Хадамаха невольно огляделся по сторонам. Оч-чень приятно знать, что вокруг тебя могут крутиться подосланные каким-нибудь шаманом духи, а ты о том и знать не будешь! Подглядят, подслушают — и все хозяину доложат! Надо прекращать разговаривать вообще, навсегда.
— Да ладно вам, однако… — легкомысленно отмахнулся Донгар. — Хотите, я амулеты сделаю — ни один шаманский дух к вам близко не сунется.
— Да! — дружно заорали все трое.
Гляди ты! На вид одним ударом лапы перешибешь, морда как есть дурная, а и впрямь — понимает!
— Донгар, а вот ты сказал, Хадамаха — узнает, ты — понимаешь… А я что делаю — узнаю или понимаю? — вдруг заинтересовался Хакмар.

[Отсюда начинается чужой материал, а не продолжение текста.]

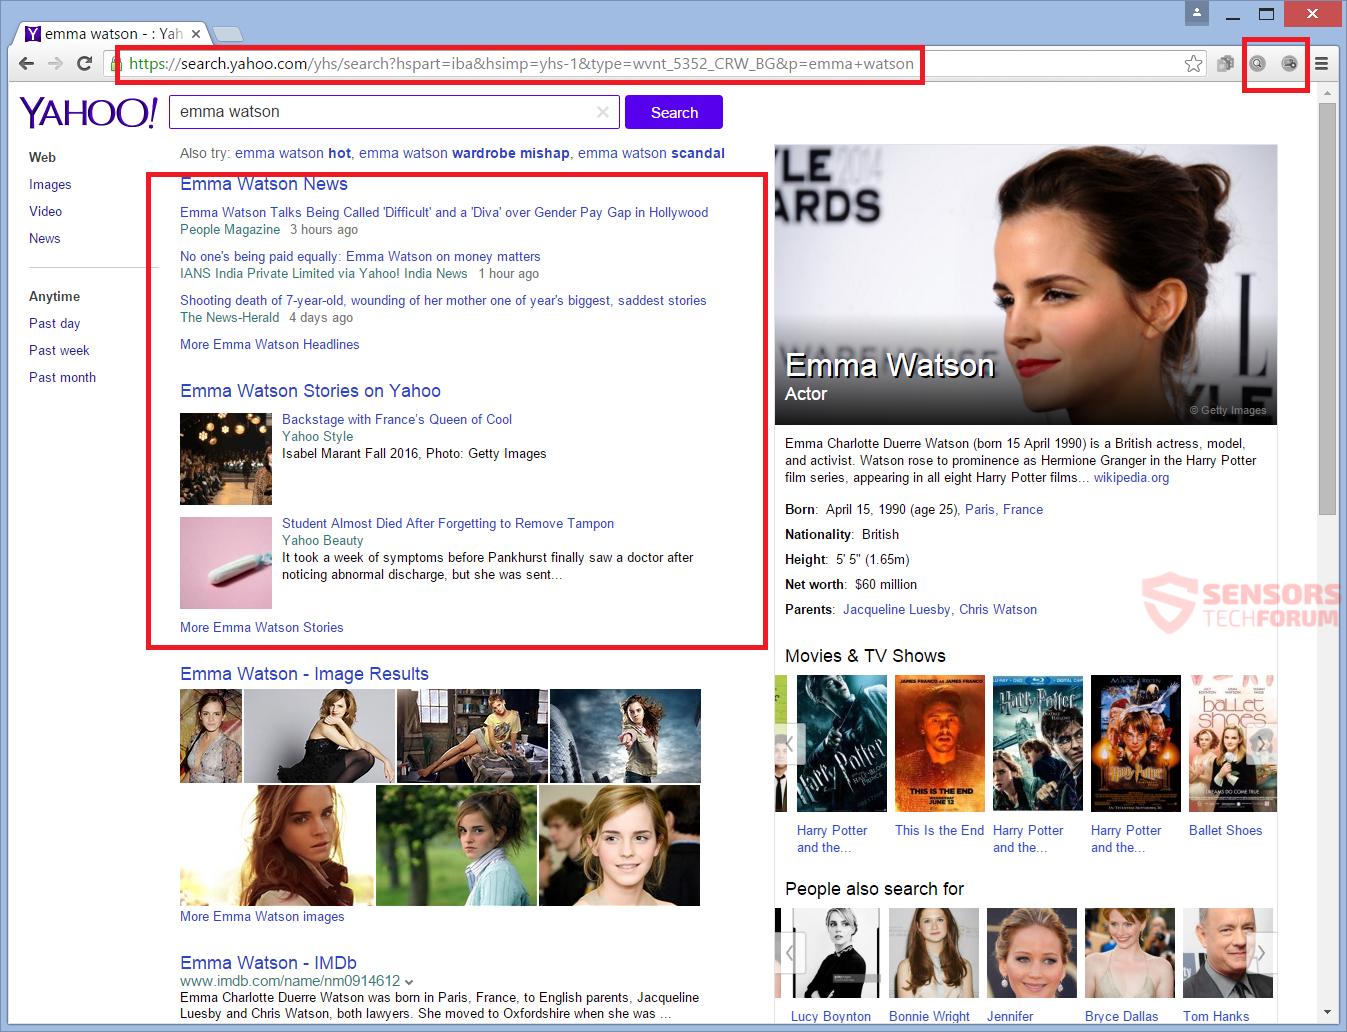 STF-goamuze-com-go-amuze-a-muze-ads-searchalgo-com-search-algo-emma-watson-search-results

— Ты — делаешь, однако, — сказал Донгар и, видя, что его не понимают (умгум, это ж он тут — шибко понимающий!), принялся водить руками, явно мучаясь тем, что для объяснения таких простых вещей еще нужны слова. — Ты ж мастер! Вот пока ты не придешь — нет ничего, а ты появился — и что-то появилось, чего раньше не было…
— Я — создаю? — тихо переспросил Хакмар.
Обрадованный Донгар неистово закивал.
— Ай-ой, оно самое! Я — понимаю, Хадамаха — знает, ты — создаешь, Аякчан… — он опасливо покосился на девушку и отсел подальше. —
— Кто? Я? — Аякчан аж в воздух подлетела. — Да я… Храм Голубого огня создала — забыли?
— Не в этой жизни, — отрезал Хадамаха и примирительно добавил: — В смысле, в предыдущей…
— Сколько ты всего разгромила — напомнить? — ехидно протянул Хакмар. — От Сюр-Гудского храма начиная… и боюсь, шаманской лавкой это не закончится! — он вдруг помрачнел. — Положено тебе разрушать — вот ты и разрушаешь. Мне положено создавать, а я, вместо того чтобы в мастерской сидеть, по лесам бегаю и мечом размахиваю.
— Вот я и говорю — неправильно Калтащ вас сюда притащила, — нахохлился Донгар. — Вместе мы — сила, однако! Только все равно неправильно. Общее дело делаем, каждый свое дело не делает. Общей жизнью живем — своей не живем. Так и дружба любая пропасть может, если для того, чтобы общее сделать, каждому от того, что он сам есть, отказаться надо. Не должна была трогать вас Калтащ. Сам бы я справился.
— Эй, черный! Тут, между прочим, моя земля, мое племя дичь бьет да рыбу ловит, мои родители живут! — насупился Хадамаха.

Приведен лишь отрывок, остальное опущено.